The General Interpreter Lock (GIL) is a feature of CPython that significantly simplifies the implementation of Python because only one thread is allowed to run at a given time. The down side is that it is not possible to take advantage of multiple CPUs from within one Python process. Of course, there are many message passing libraries for Python such as standard library module multiprocessing, several MPI-based solutions and many pure Python solutions.
While message passing is a good solution for certain type of problems, it generates an overhead of serializing and de-serializing of data. Depending on the algorithm, this overhead might be considerable in relation to the gained speed-up. OpenMP (www.openmp.org) is a widely used standard for shared-memory programming on multicore machines.
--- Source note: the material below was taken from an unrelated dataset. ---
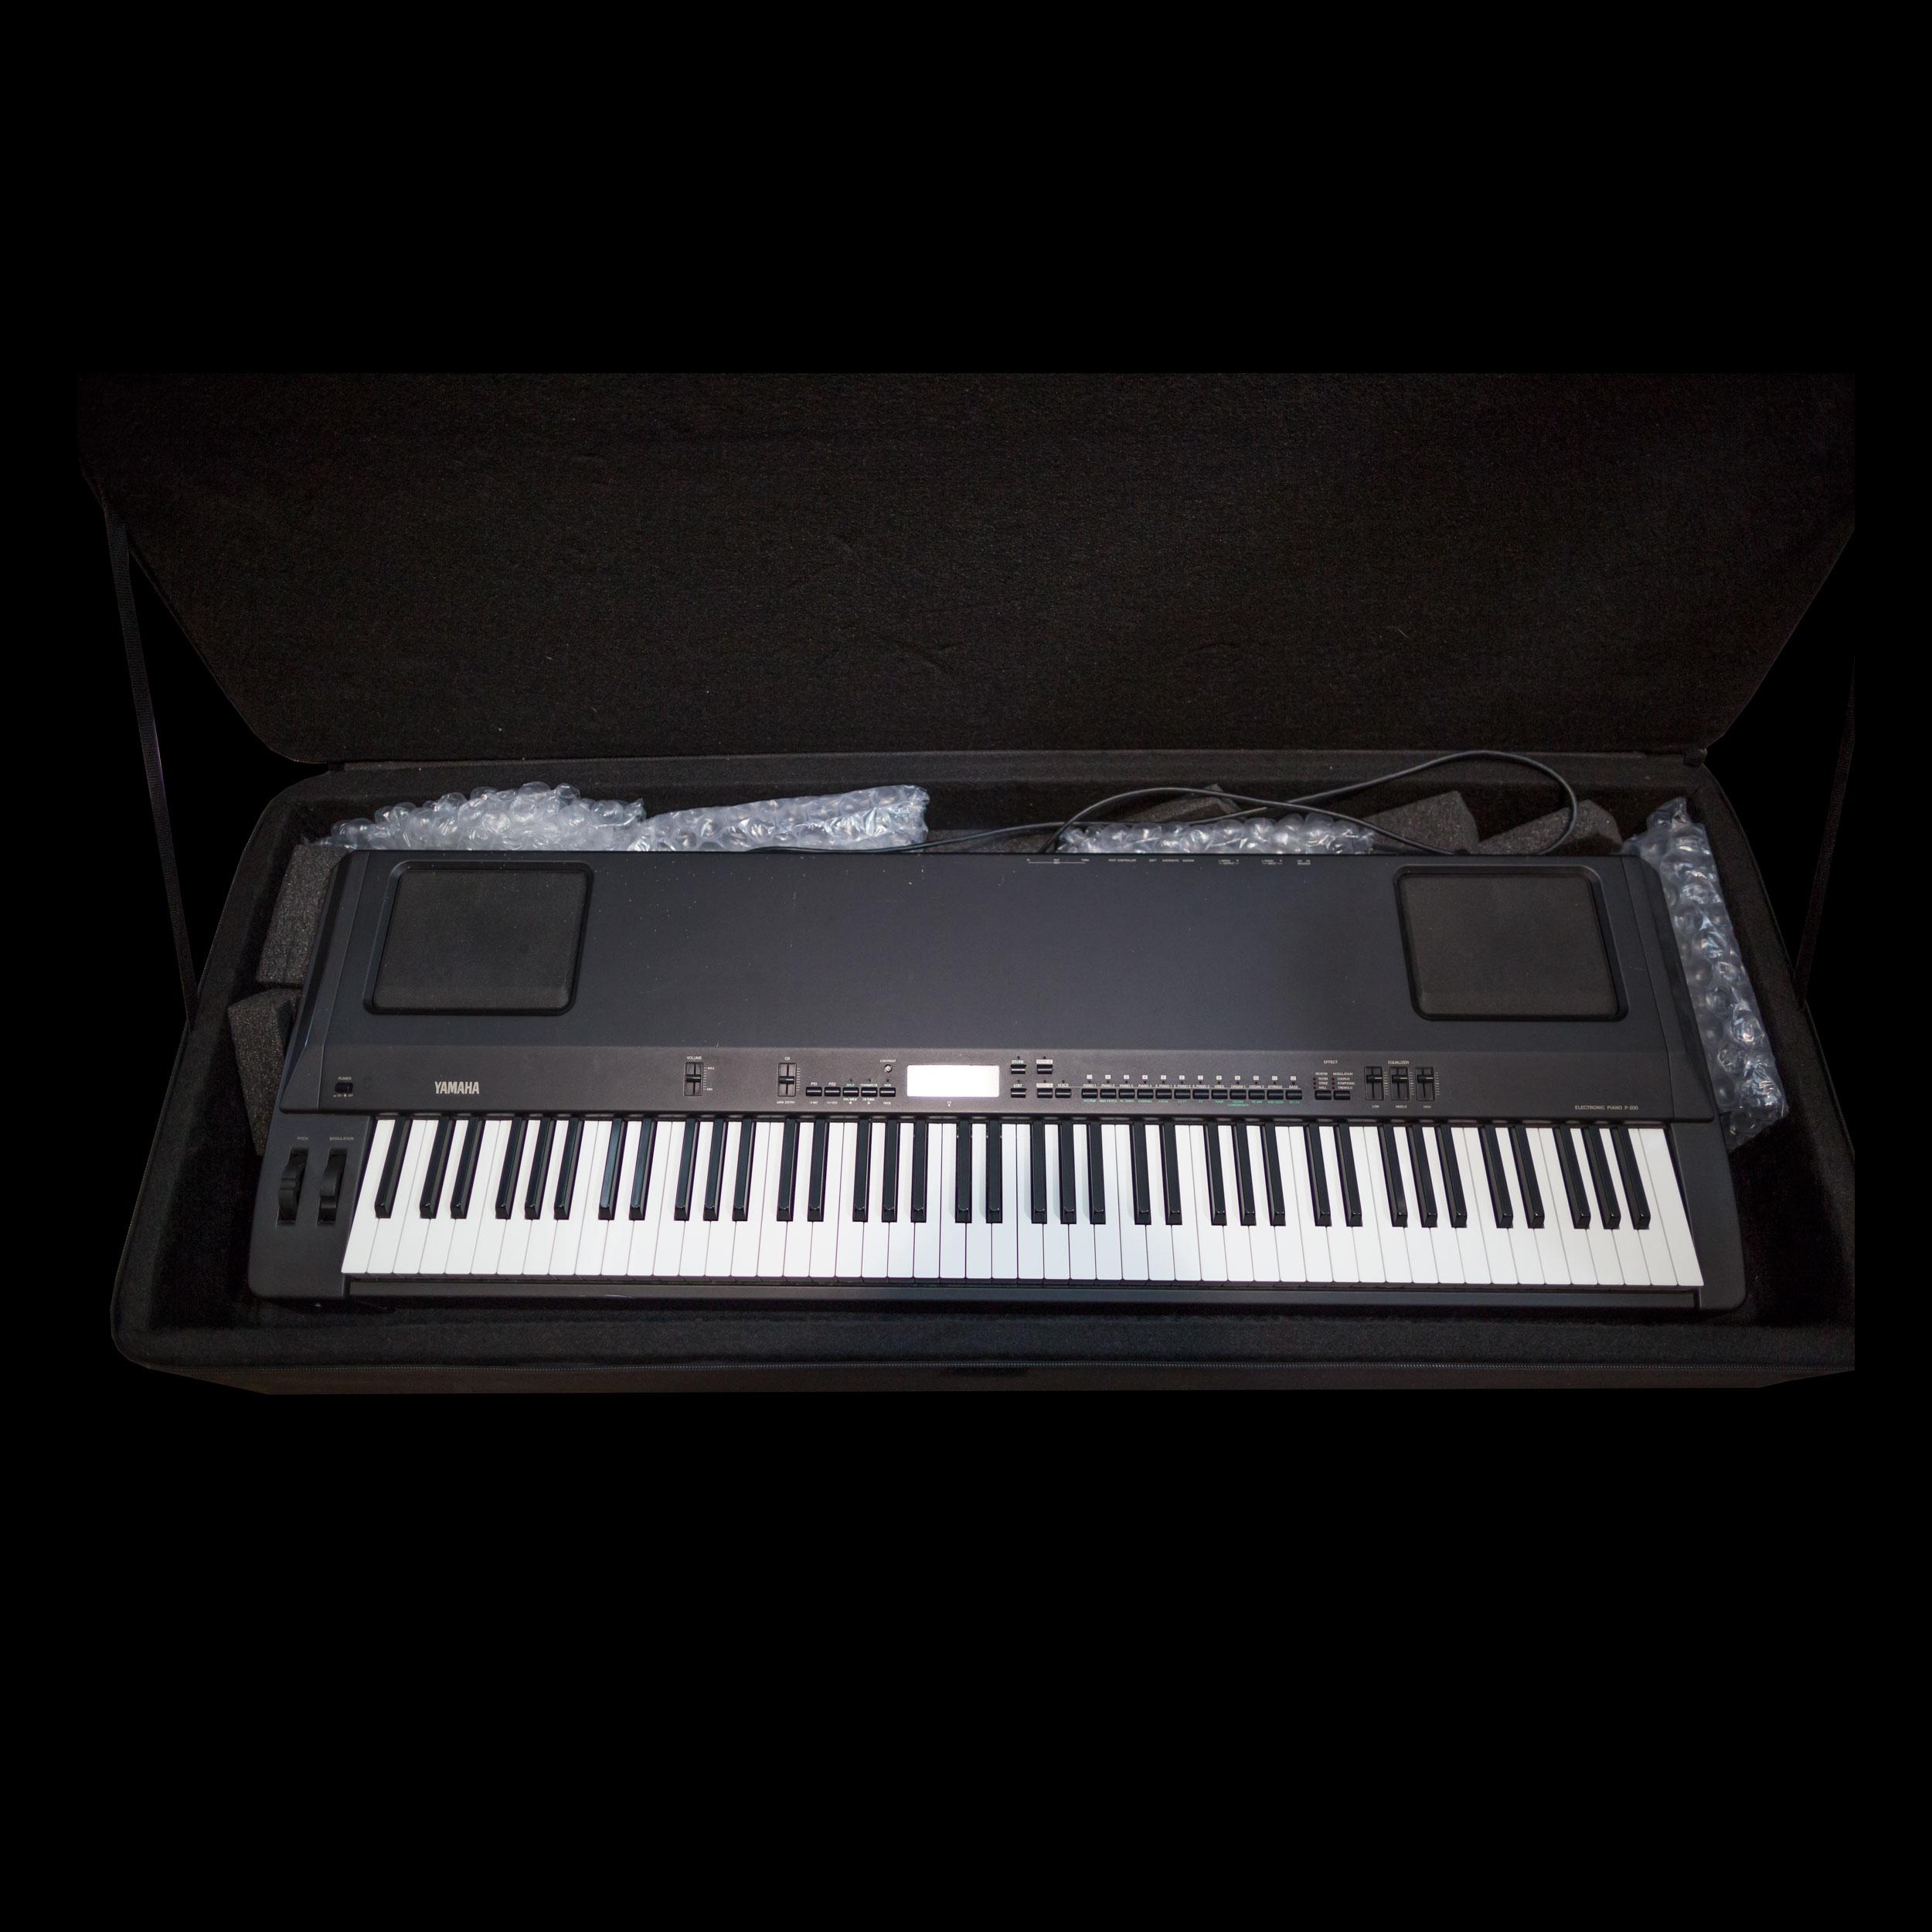 yamaha p200 digital piano ebay. Black Bedroom Furniture Sets. Home Design Ideas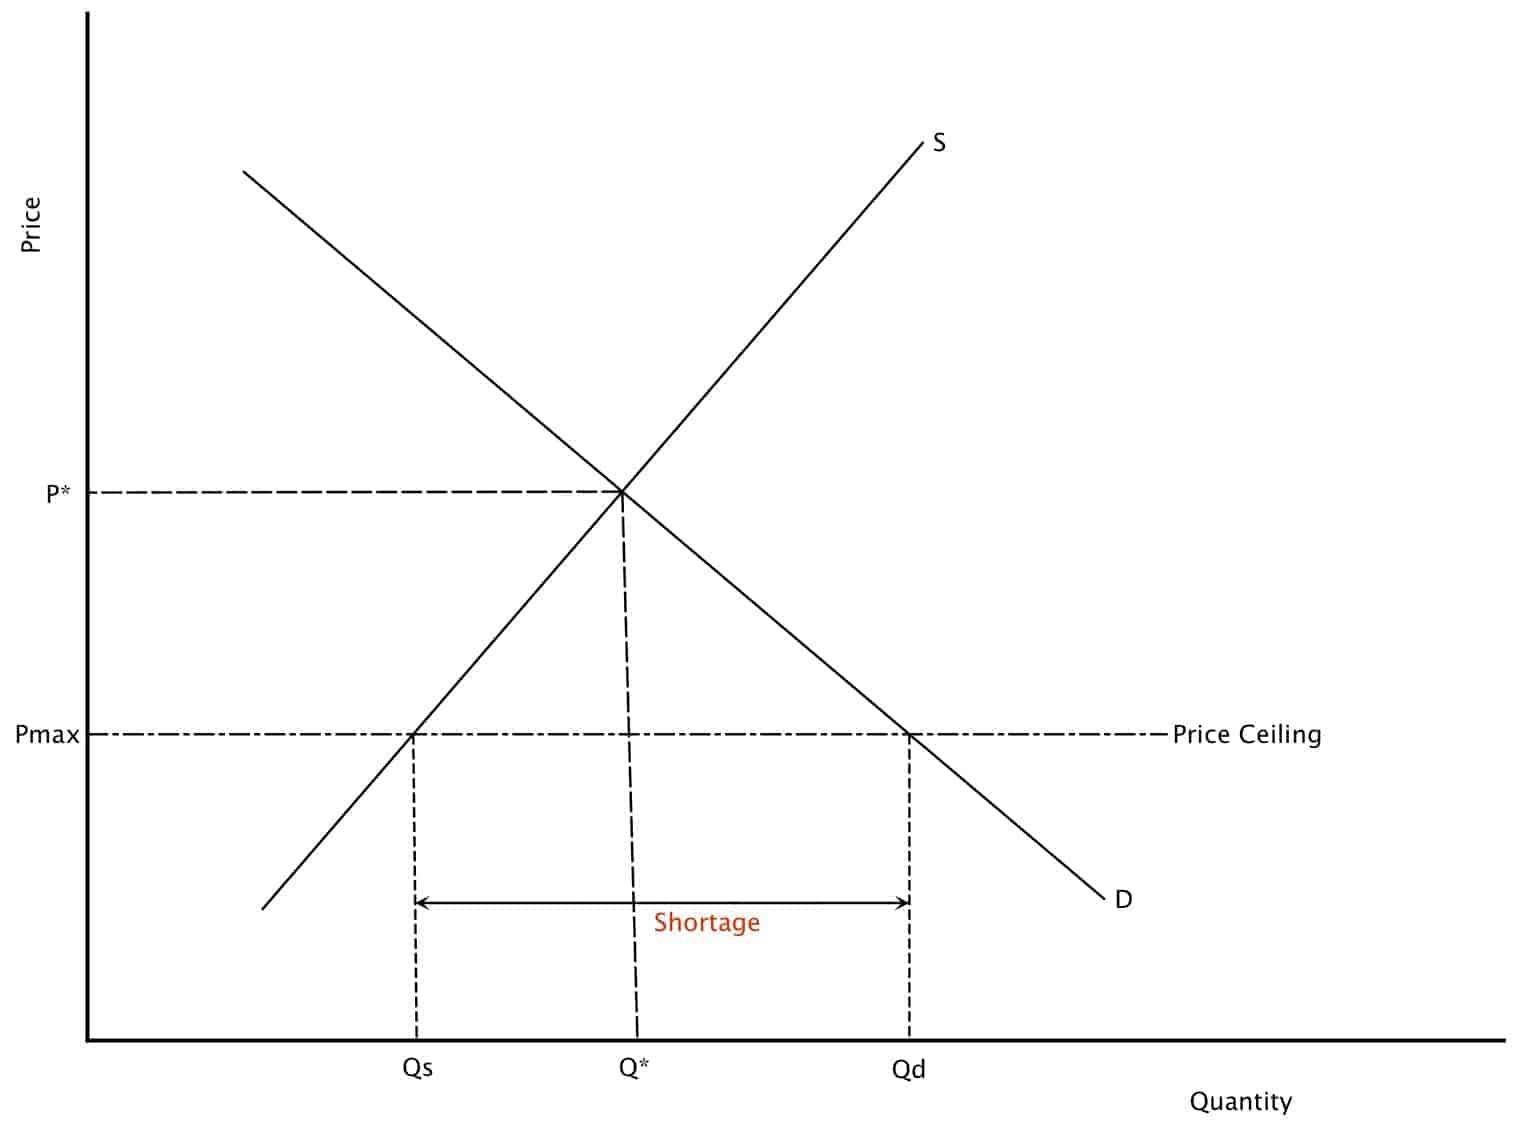 Price Control - Price Ceiling | Intelligent Economist

Although OpenMP is only specified for C/C++ and Fortran, we can utilize it from Python. As there is a variety of tools to connect Python with C, there are many ways to take advantage of OpenMP from Python. One of the most comfortable for this task is Cython. It not only provides a programming experience very close to Python with only a few C-like additions, but also allows to easily adjust lower level aspects that are often important for parallel performance. Furthermore, it seamlessly integrates with NumPy and the small overhead compared with other tools for writing C extensions make Cython an attractive choice.
This talk gives a brief overview of parallel programming options in Python. It introduces Cython's OpenMP abilities focussing on parallel loops over NumPy arrays. Source code examples demonstrate how to use OpenMP from Python. Results for parallel algorithms with OpenMP show what speed-ups can be achieved for different data sizes compared to other parallelizing strategies.